VMware ACE takes the VMware concept a step further, providing the ability to construct virtual machines and then distribute them to users, retaining central control of these VM "packages" once they've been distributed.

So why would you need to do this? Say, for instance, that you're an organisation with a large number of contract staff, all with their own hardware, and these staff need to use some of your corporate systems (fileshares, groupware and printing are the three obvious ones). It's often not possible to integrate their kit safely into your world (they might have necessary software that isn't on your "accepted" list, for instance, or they might have justified concerns that including their laptops into your corporate policy will break their systems) and so the alternative is to ship them all a virtual machine that's built and locked down to your specifications and let them run this on their existing platform.

The first thing you do, then, is build yourself a virtual machine. As with all the other functions of the package, configuration is handled via ACE Manager, and if you've ever run a VM under standard VMware, the process will be very familiar. Because the virtual machine pretends to be a collection of computer hardware, you won't be stumped by things like Windows licence keys (which are registered against hardware serial numbers) because you're effectively shipping the hardware with the OS. You must, of course, give appropriate thought to the licensing implications of doing so. VMware supports a variety of operating systems in its VMs – Windows 3.1 and later (even Vista, in experimental form), a number of common Linuxes, NetWare 5/6, Solaris (9 and 10, though both only experimentally) and some odds and sods such as MS-DOS and FreeBSD. The creation process is wizard-based, and the questions it asks are easy to comprehend.

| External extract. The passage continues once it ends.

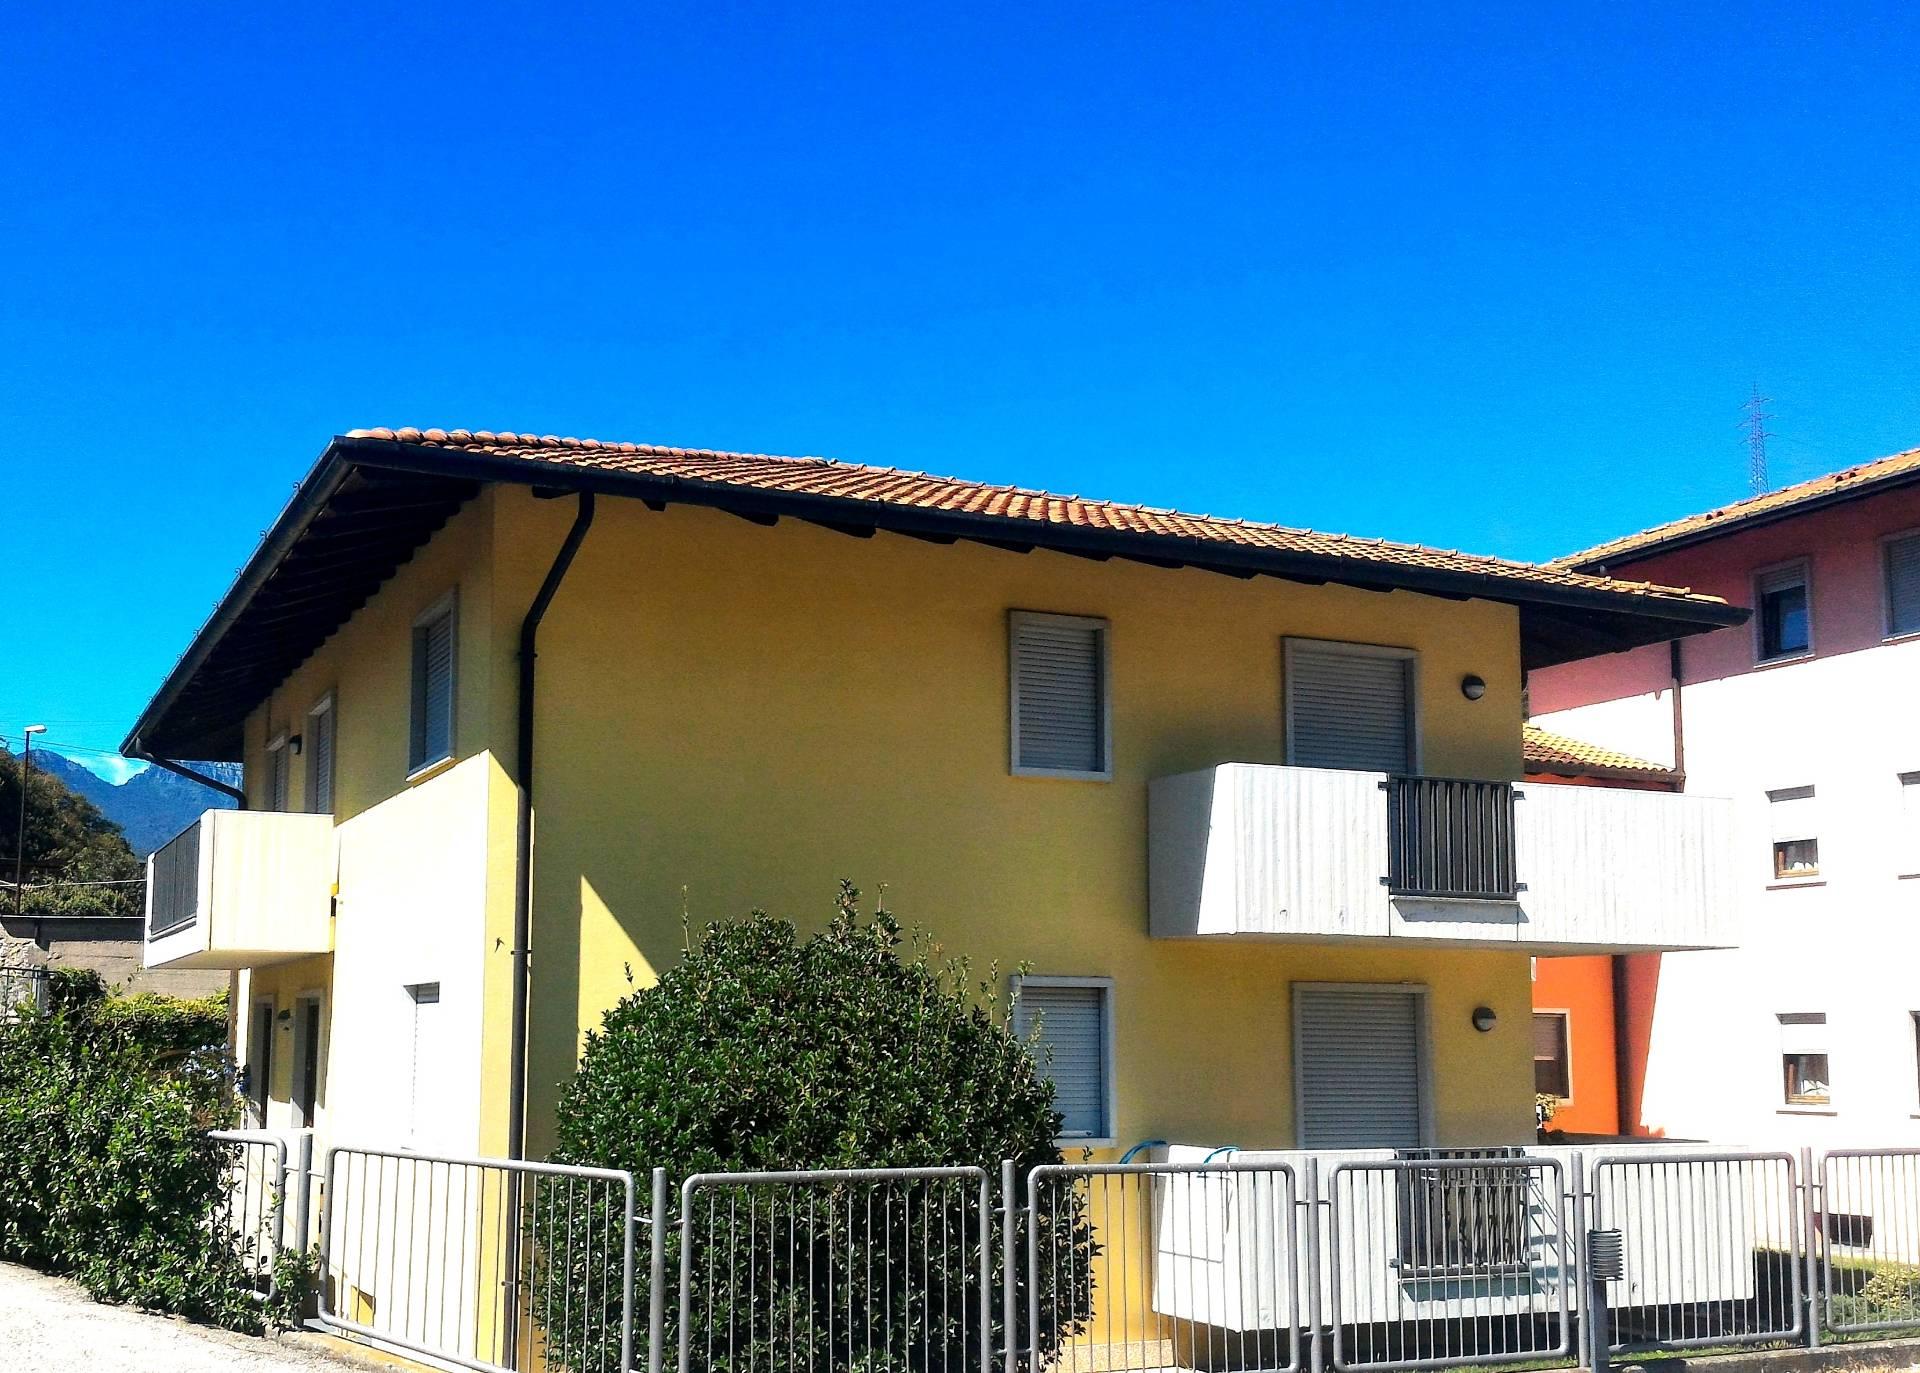 Appartamento in vendita a Nago-Torbole, 4 locali, zona Zona: Nago, prezzo € 279.000 | Cambio Casa.it

Nothing unsual so far, then. The new bit that you'll get with ACE relates to the distribution of your VMs; because you want to apply restrictions to what the users can do, you'll set appropriate policies in the rights management tools. You can restrict a whole raft of things - the network ranges the VM can access, the expiration date for the VM (so you can time-bomb it), whether it can access removable storage devices, how the user authenticates, and so on. The rights management tool is pretty intuitive, with the usual tree-on-the-left, detail-on-the-right two-pane view.

Once you're happy with your VM (you can, incidentally, run it up to test it within ACE Manager) it's time to create a package. When you hit the button, it'll check that everything's present and will then create appropriate installer archives for both the ACE runtime software and the virtual machines themselves. The result is one or more standard Windows installer filesets, with the core stuff bundled into MSI files to make life easy for remote and/or unattended installations.

VMWare ACE is a neat idea. It's a concept that didn't exist a few years ago when, as a contractor, my client's network manager insisted on making my PC part of his domain, whose group policy both blew away some of my necessary software and installed an AV package that took hours to get rid of later on. This concept is perfect for those whose staff or colleagues need to use their own equipment, but who are concerned about the security and network integrity implications of allowing unmanaged kit onto the organisation network.

OUR VERDICT

Although you can theoretically ship a single copy of, say, Windows XP to multiple users, remember to give detailed thought to licensing matters if you're distributing commercial operating systems and/or application software, as this will have a significant effect on the total cost of using the system.